Let me share my summary, and I welcome your comment for anything wrong:

  1. Make sure to put label as the first item for each line in training text dataset.
  2. Train a model specifically for classification. ex) fasttext supervised -input your_training_text -output your_model
  3. Get sentence level vector with the model. ex) fasttext print-sentence-vectors your_model.bin < your_test_sentence.txt
EmilStenstrom commented 7 years ago

I might be slow, but I still don't get how this is supposed to work. I'm interested in forming document vectors for arbitrary blocks of text. To me, it makes sense that I should train word vectors the unsupervised way, and combine those vectors. But reading the discussion above it seems only the vectors trained for classification are made to combine. Problem is, what should my labels be? One label with all my text?

murhafh commented 7 years ago

I am able to use print the sentence vector with a skipgram model. It is printing a vector of same length as of the words vector for this model, is there any insights if this sentence vector is actually correctly calculated and if yes how it is being generated?

rajivgrover009 commented 6 years ago

does gensim implementation of fastext has ability to produce sentence vectors??

mino98 commented 6 years ago

@a455bcd9 when you say:

If doing so, you should normalize the word vectors first, so that they all have a norm equal to one.

I guess you mean normalize element-wise (across each dimension for all words), right? As @wjgan7 and @piotr-bojanowski pointed out, fasttext doesn't seem to bother with such normalization step and it simply averages (element-wise) word vectors.

Am I missing anything?


@rajivgrover009 : no, at the moment it does not.

YannDubs commented 6 years ago

@mino98 just looking at getSentenceVector in fastText/src/fasttext.cc it seems that :

Note that getSentenceVector also averages with the vector of EOS : </s>.

bhushanbrb commented 6 years ago

Doc2Vec works well but breaks when word is not in vocabulary where as fastText does not because it uses n gram approach . In Gensim Doc2Vec you can Tag the document or Label for one particular sentence. How can tagging be done in fatsText? I see Text classification https://fasttext.cc/docs/en/supervised-tutorial.html. How we can achieve Tagging in fastText . I hope my question aligns with this github issue which is trying to ask how DOC2Vec like functionality can be done using fastText?

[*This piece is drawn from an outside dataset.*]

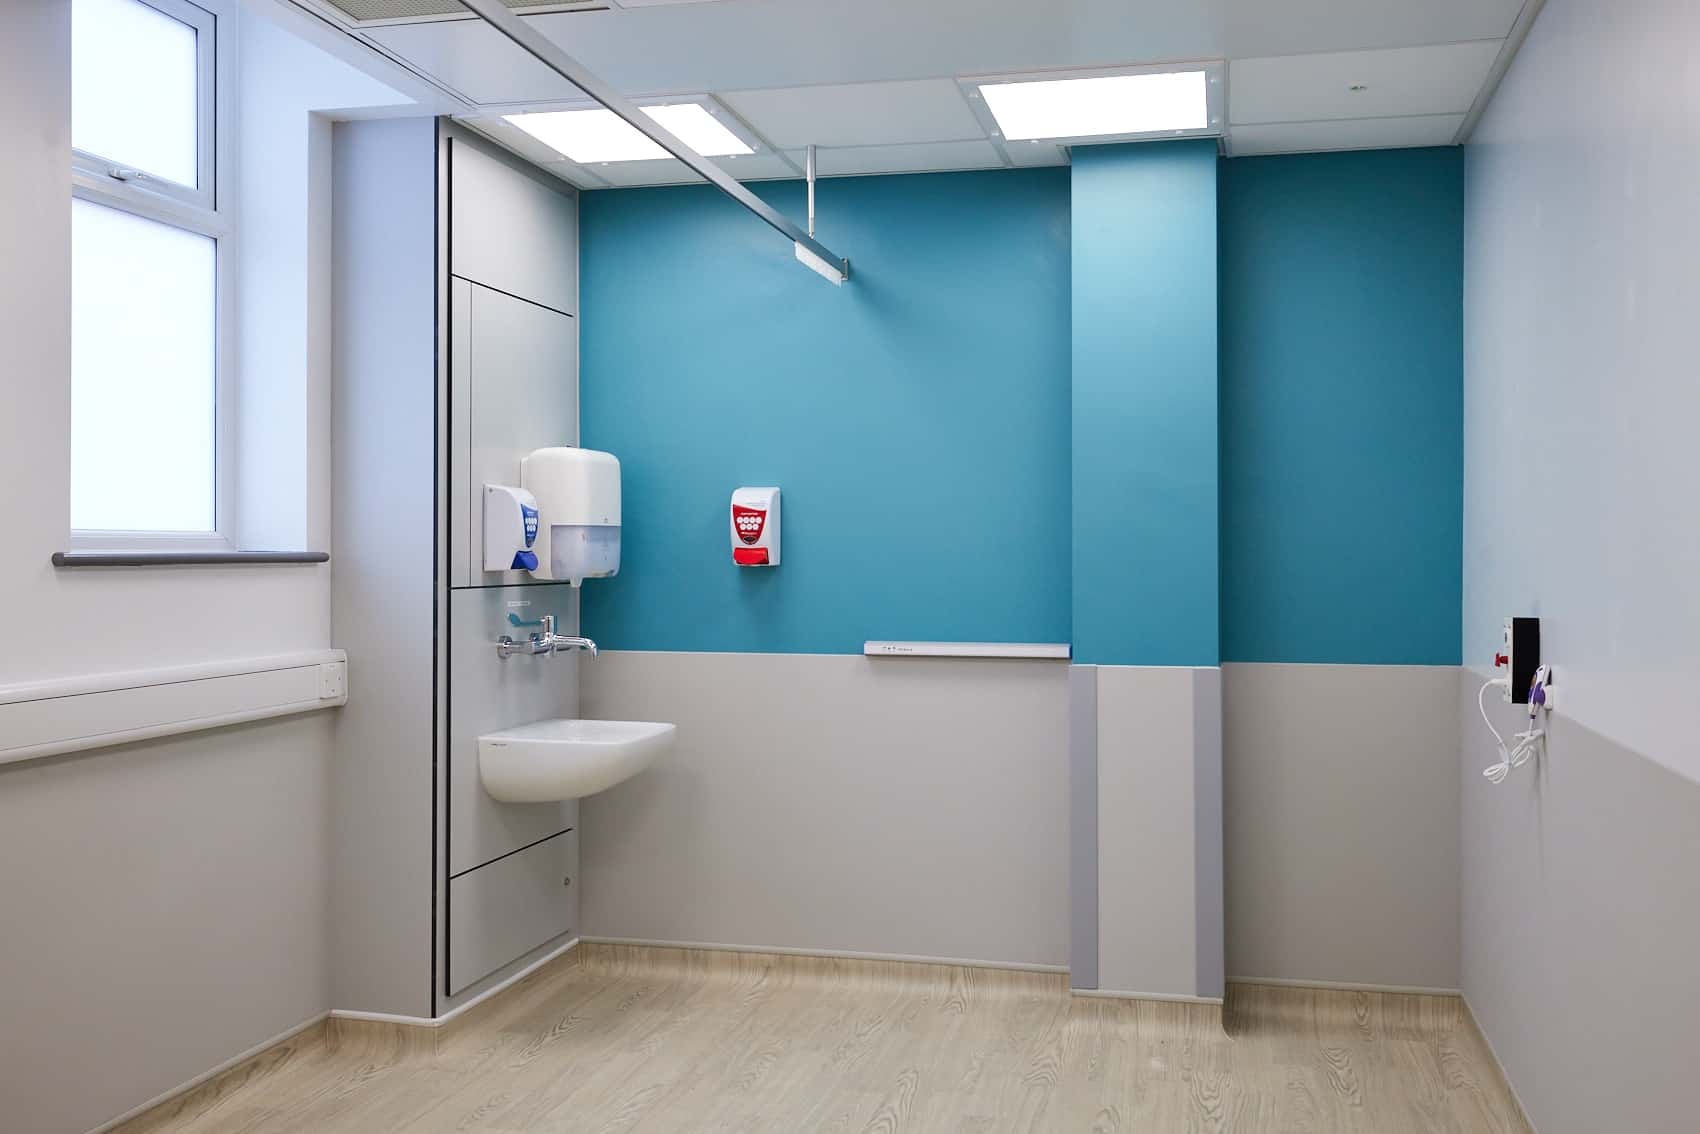 Image above: Completion of the Community Diagnostic Centre in Mexborough on behalf of Doncaster and Bassetlaw Teaching Hospitals NHS Foundation Trust at Montagu Hospital.

DhananjayKimothi commented 5 years ago

Is it clear to anyone how sentence vectors are created through fasttext ? These are surely not the average of word vectors. I tried all possibilities, i.e. with normalizing the word vectors and then averaging or simply averaging, but it doesn't match with the sentence vector produced by Fasttext.

Any insight ?

DhananjayKimothi commented 5 years ago

Is it clear to anyone how sentence vectors are created through fasttext ? These are surely not the average of word vectors. I tried all possibilities, i.e. with normalizing the word vectors and then averaging or simply averaging, but it doesn't match with the sentence vector produced by Fasttext.

Any insight ?

Sorry, missed @YannDubs point.. true they are using '<\s>' vector for averaging. Based on some of the experiment that I was doing with fastText (supervised-- i.e for sentence classification), some basic points that are simple but may confuse someone:

  1. Word vectors are learned in the process of training fastText, same as any other word2vec based model. (run with different epochs and test the vector for any word and here you go..:))
  2. For a new sentence, the word vectors will be averaged, note @YannDubs point, that is along with words '<\s>' vector is also averaged.
  3. If in a new sentence a word appears that is not already in the vocabulary then it is simply neglected. If you check the vector for any such word you will get all zeros, note that it is not considered at all and hence you will get no changes in the average value.
Jakobhenningjensen commented 1 year ago

I think this answers it;

When trained for classification the sentence embedding is just the average of the word-embeddings. When trained unsupervised, the sentence-embedding is calculated by dividing each wordembedding by the (L2) norm of that embedding, and then average these scaled embeddings.